> **Your instructions**:
Transcribe the listing below verbatim, omitting pictures.

***** Data extract

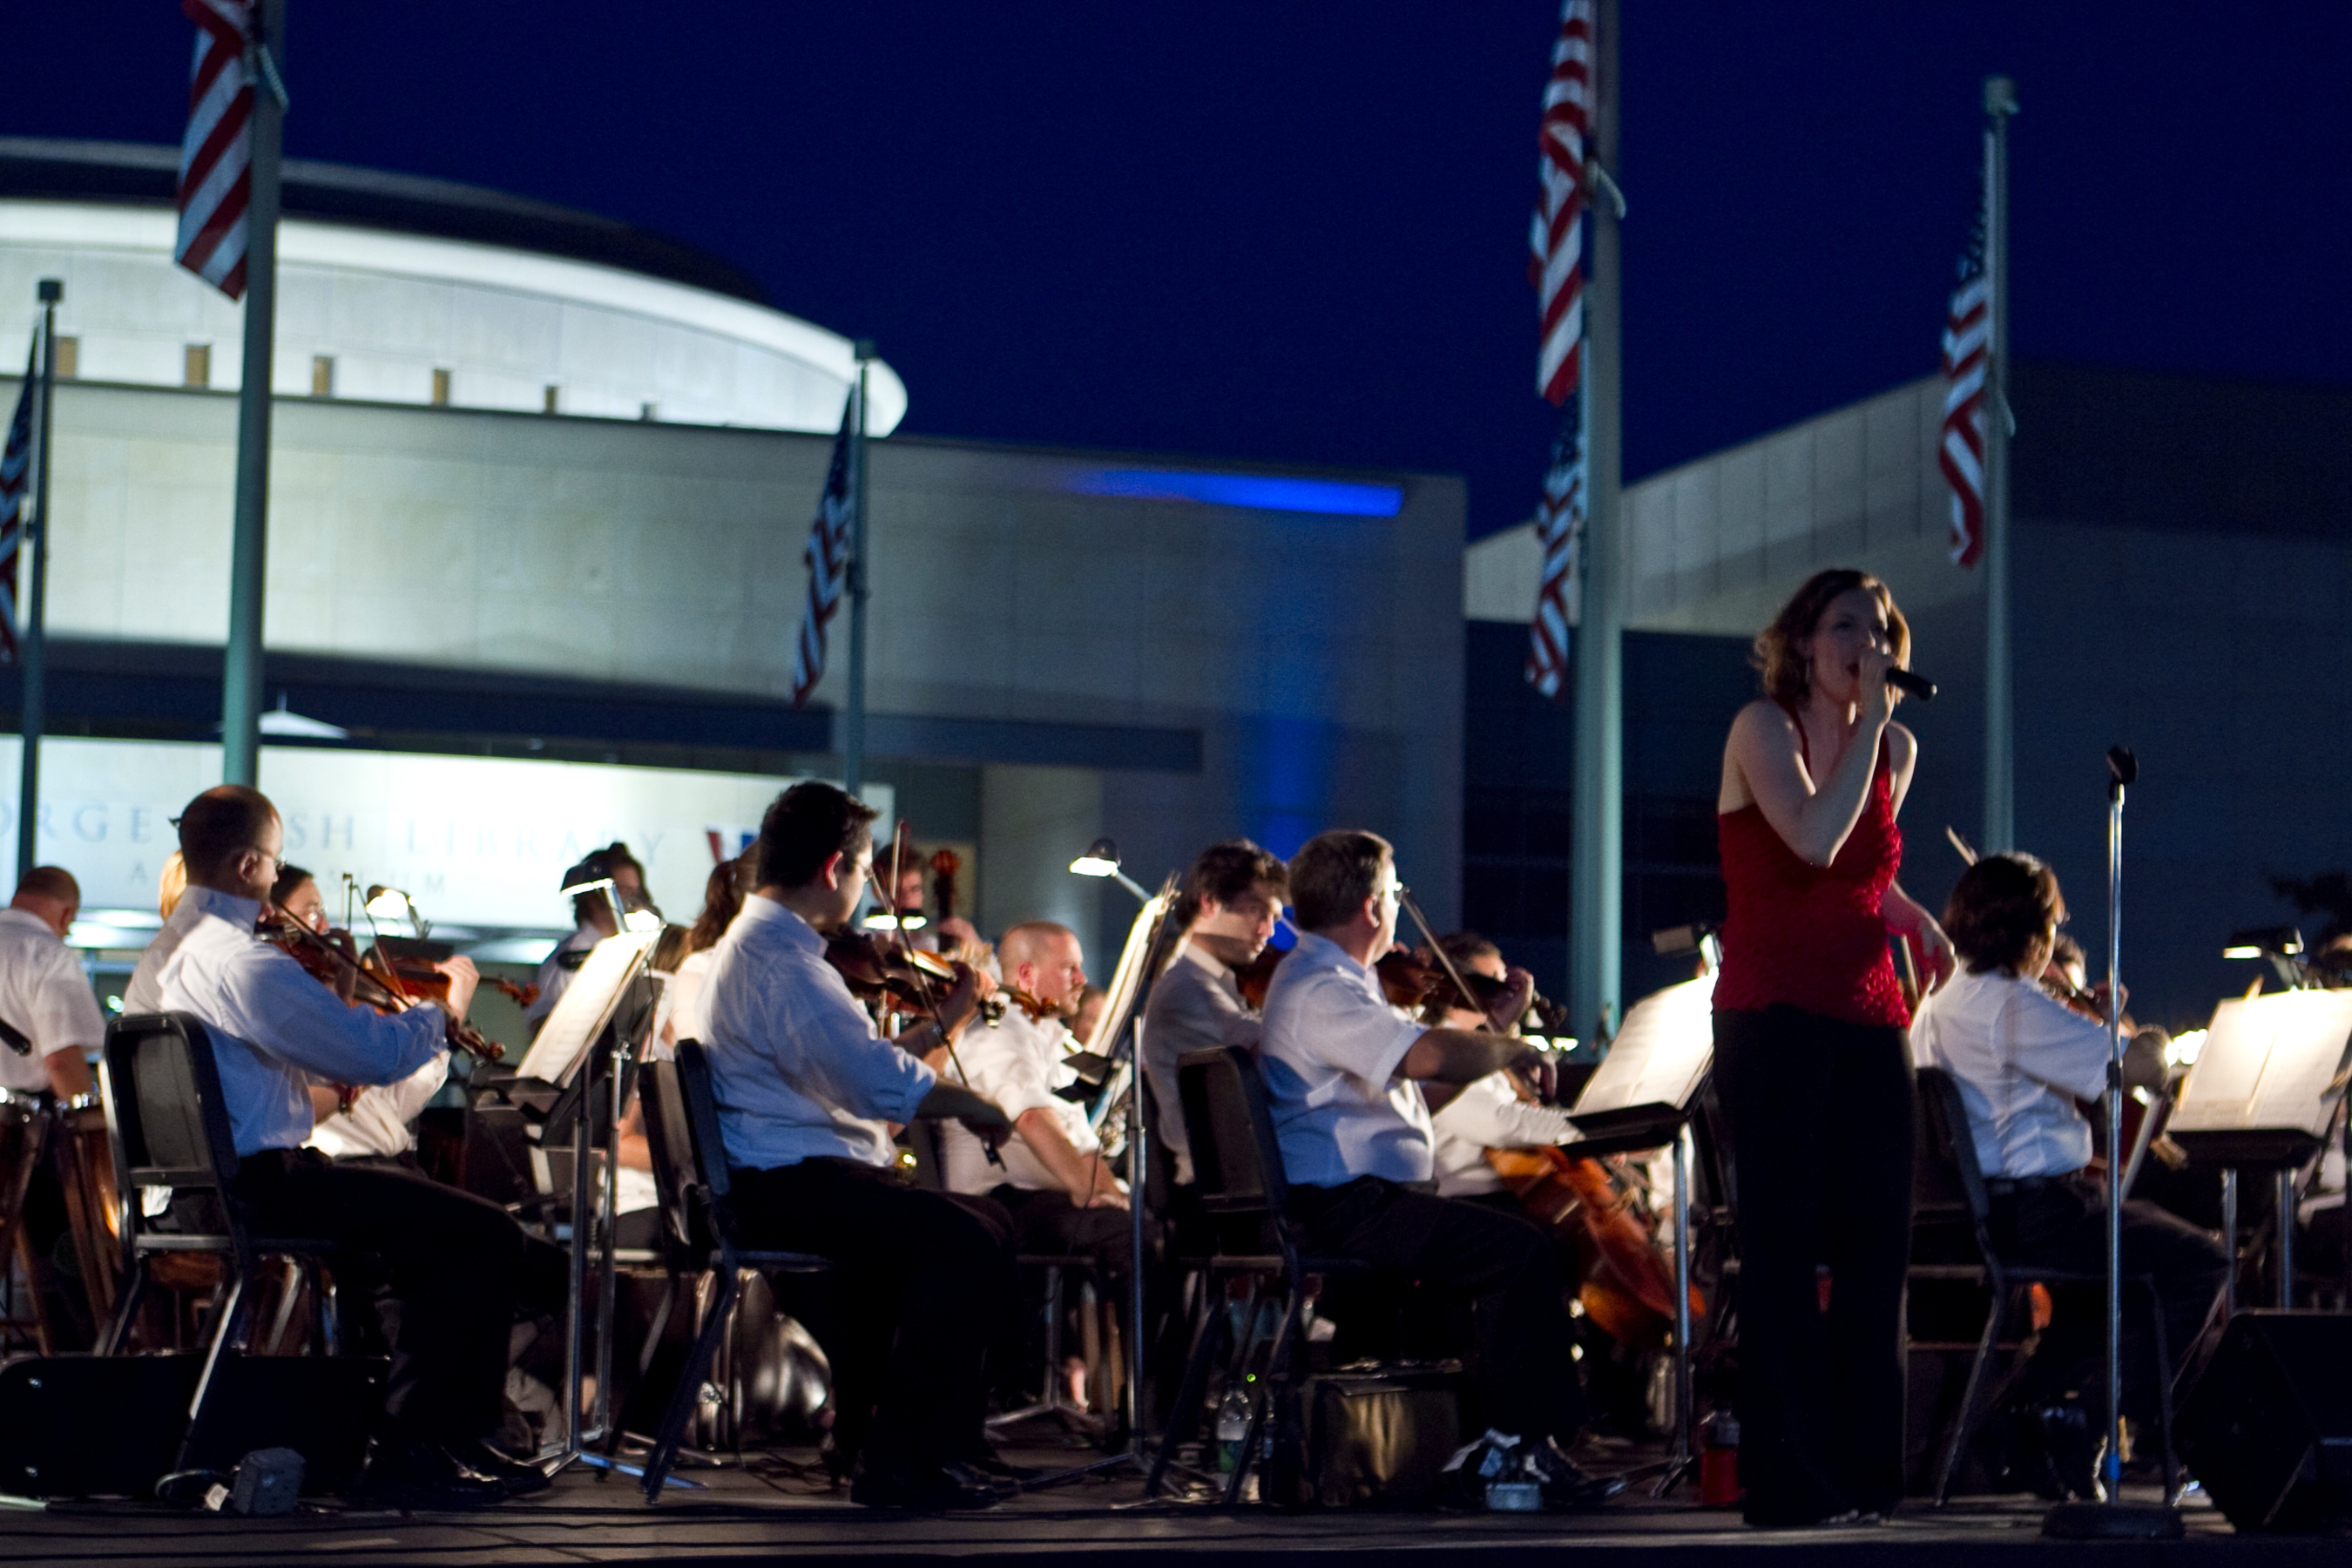 The Brazos Valley Symphony Orchestra and Kelsey Taylor perform the national anthem at the College Station Noon Lions Club's "I Love America" Celebration at the George Bush Presidential Library and Museum, July 4, 2011. (PRNewsFoto/George Bush Presidential Library)
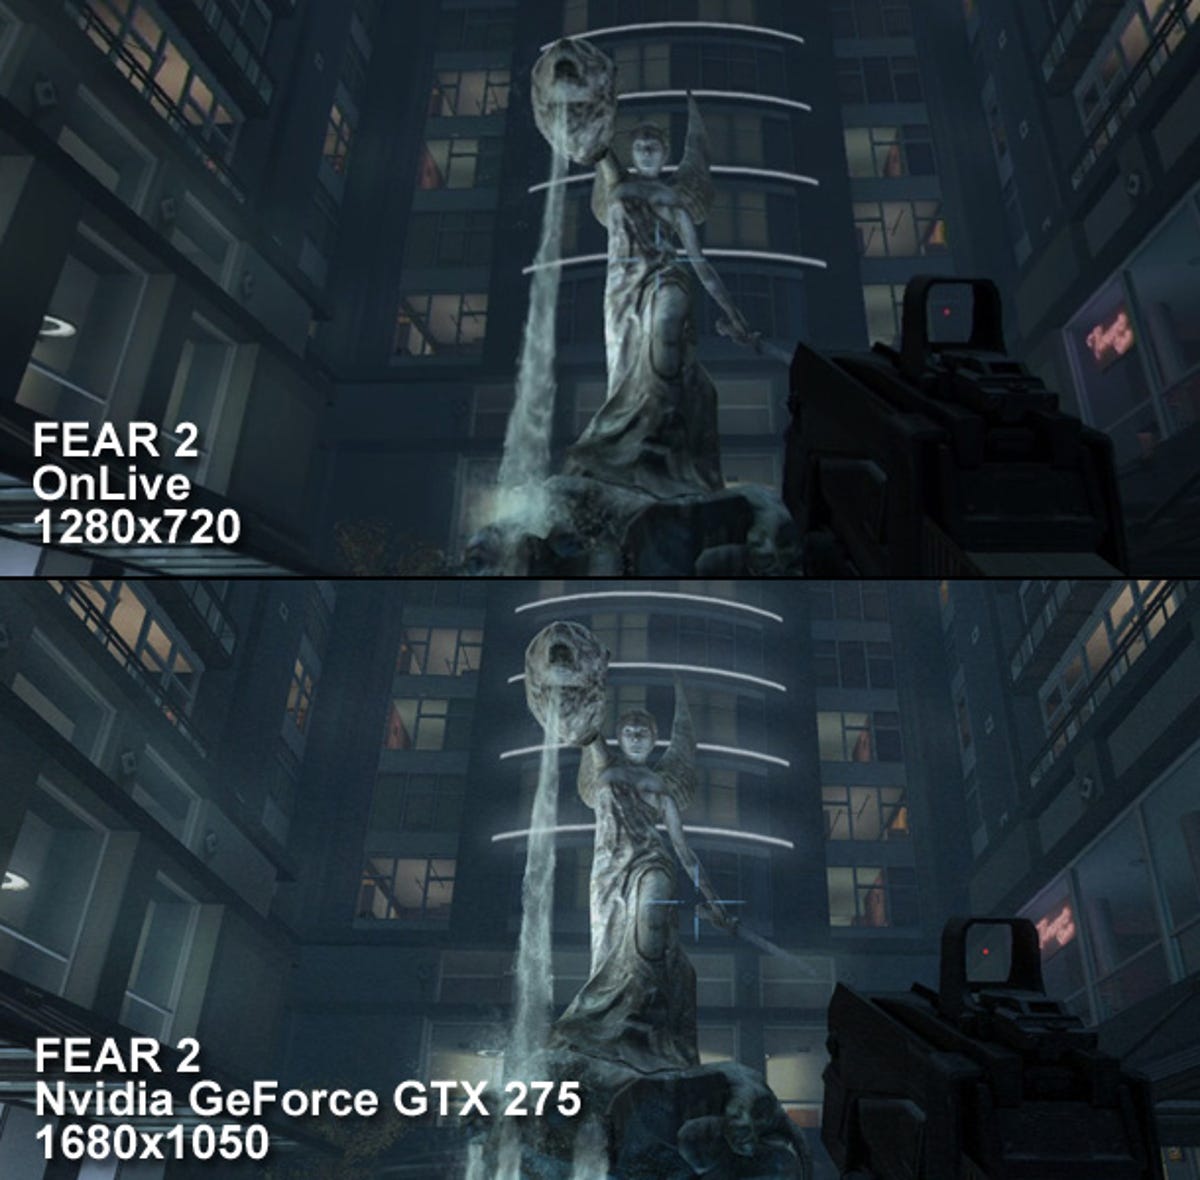 FEAR 2 played via OnLive, compared to the same game played on a high-end gaming PC. Note the level of detail on the statue, as well as the lighting bloom missing from the OnLive version.
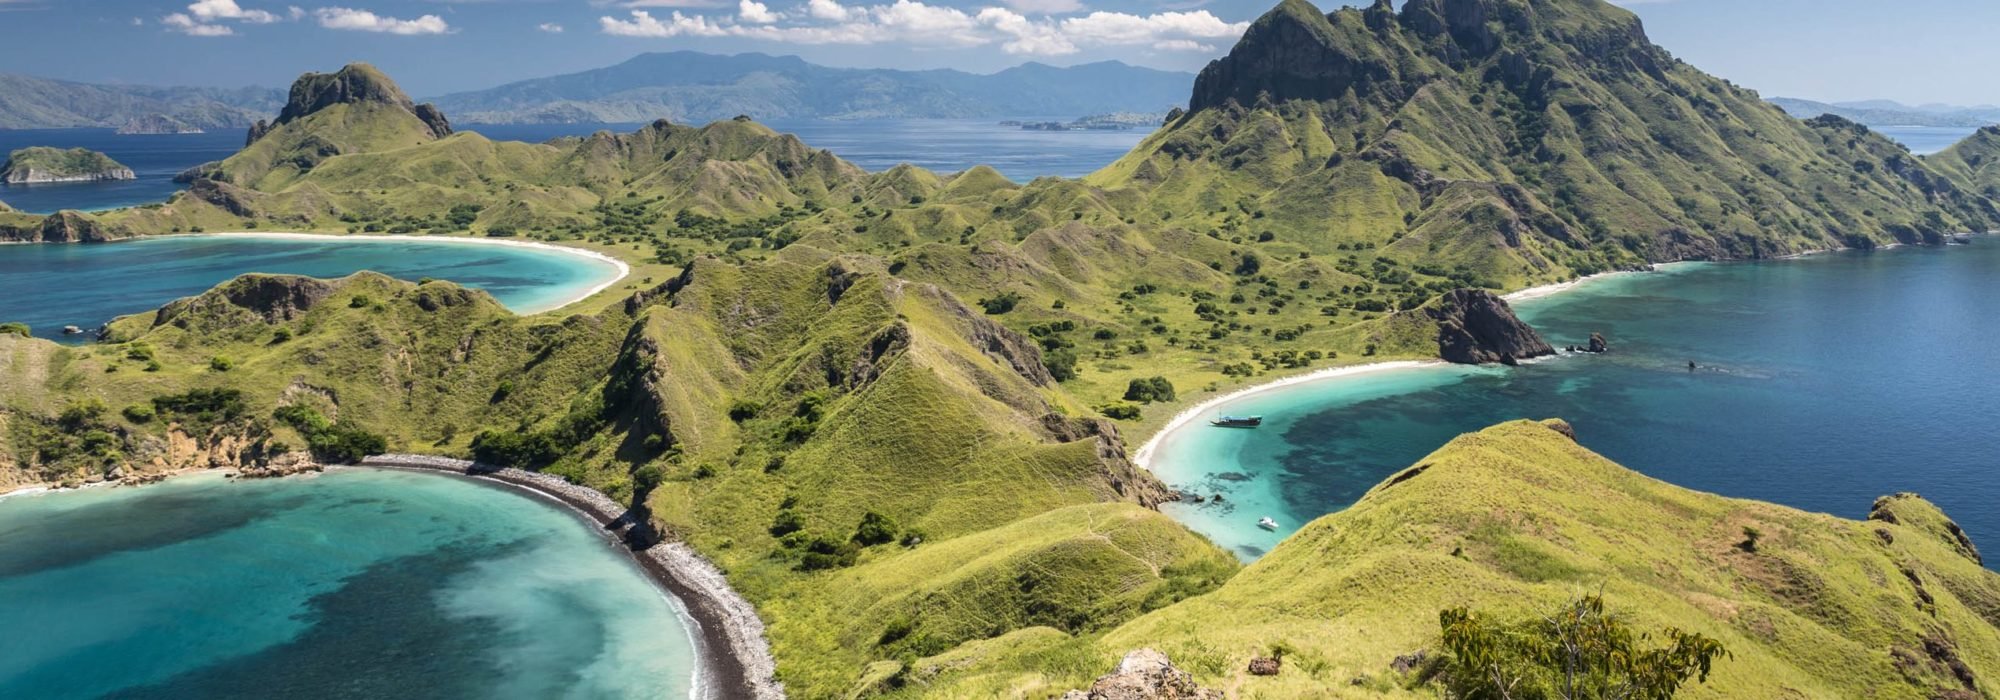 Komodo travel agents packages deals

**********

> **Solved exercise**:
 The Brazos Valley Symphony Orchestra and Kelsey Taylor perform the national anthem at the College Station Noon Lions Club's "I Love America" Celebration at the George Bush Presidential Library and Museum, July 4, 2011. (PRNewsFoto/George Bush Presidential Library)
 FEAR 2 played via OnLive, compared to the same game played on a high-end gaming PC. Note the level of detail on the statue, as well as the lighting bloom missing from the OnLive version.
 Komodo travel agents packages deals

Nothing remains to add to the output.